Les dix points, transmis par l’entremise du Pakistan avec la médiation indirecte de la Chine, ont été rendus publics par le Conseil suprême de la sécurité nationale iranien. Ils prévoient :
- la cessation de toute agression contre l’Iran et ses alliés régionaux
- le retrait des forces de combat américaines de la région
- un protocole de passage dans le détroit d’Ormuz sous contrôle iranien pendant deux semaines
- la levée de toutes les sanctions primaires, secondaires et onusiennes
- la création d’un fonds de compensation pour les pertes iraniennes
- un engagement de non-fabrication d’armes nucléaires
- la reconnaissance du droit à l’enrichissement de l’uranium
- l’ouverture de négociations de traités de paix régionaux
- l’extension de la non-agression à l’ensemble des groupes de résistance, visant implicitement Israël
- l’abrogation de toutes les résolutions du Conseil de sécurité et du Conseil des gouverneurs de l’AIEA.
Washington n’a confirmé aucun de ces points ni aucun détail de l’accord, au-delà du cessez-le-feu de deux semaines conditionné à la réouverture du détroit.

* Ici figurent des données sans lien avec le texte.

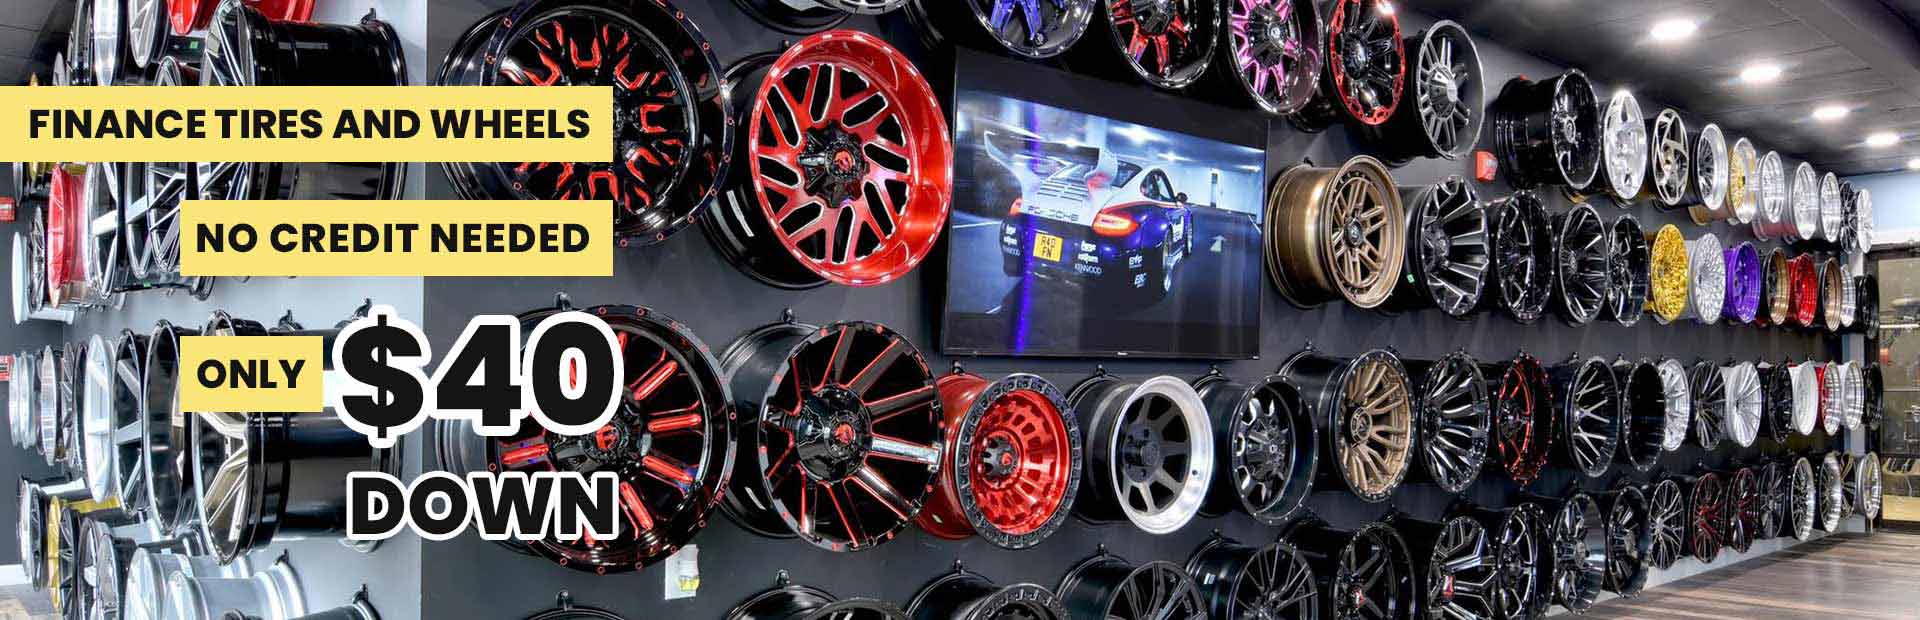 Finance Tires Wheels

La Maison-Blanche n’a pas précisé lesquels des dix points elle considérait comme acceptables.
Selon une analyse du Grand Continent publiée le 8 avril, huit des dix demandes iraniennes, si elles étaient mises en œuvre, placeraient Téhéran dans une position plus favorable qu’avant le début de la guerre le 28 février 2026. Seuls deux points relèvent du statu quo : l’engagement de non-prolifération nucléaire, déjà couvert par une fatwa du Guide suprême, et l’accord de négocier des traités régionaux, qui ne faisait l’objet d’aucun empêchement préalable.
Benjamin Netanyahu a déclaré soutenir la décision de Trump de suspendre les frappes, tout en affirmant que le cessez-le-feu ne s’appliquait pas au Liban, en contradiction avec le premier ministre pakistanais Shehbaz Sharif, qui a affirmé le contraire. Les négociations doivent reprendre vendredi 10 avril à Islamabad.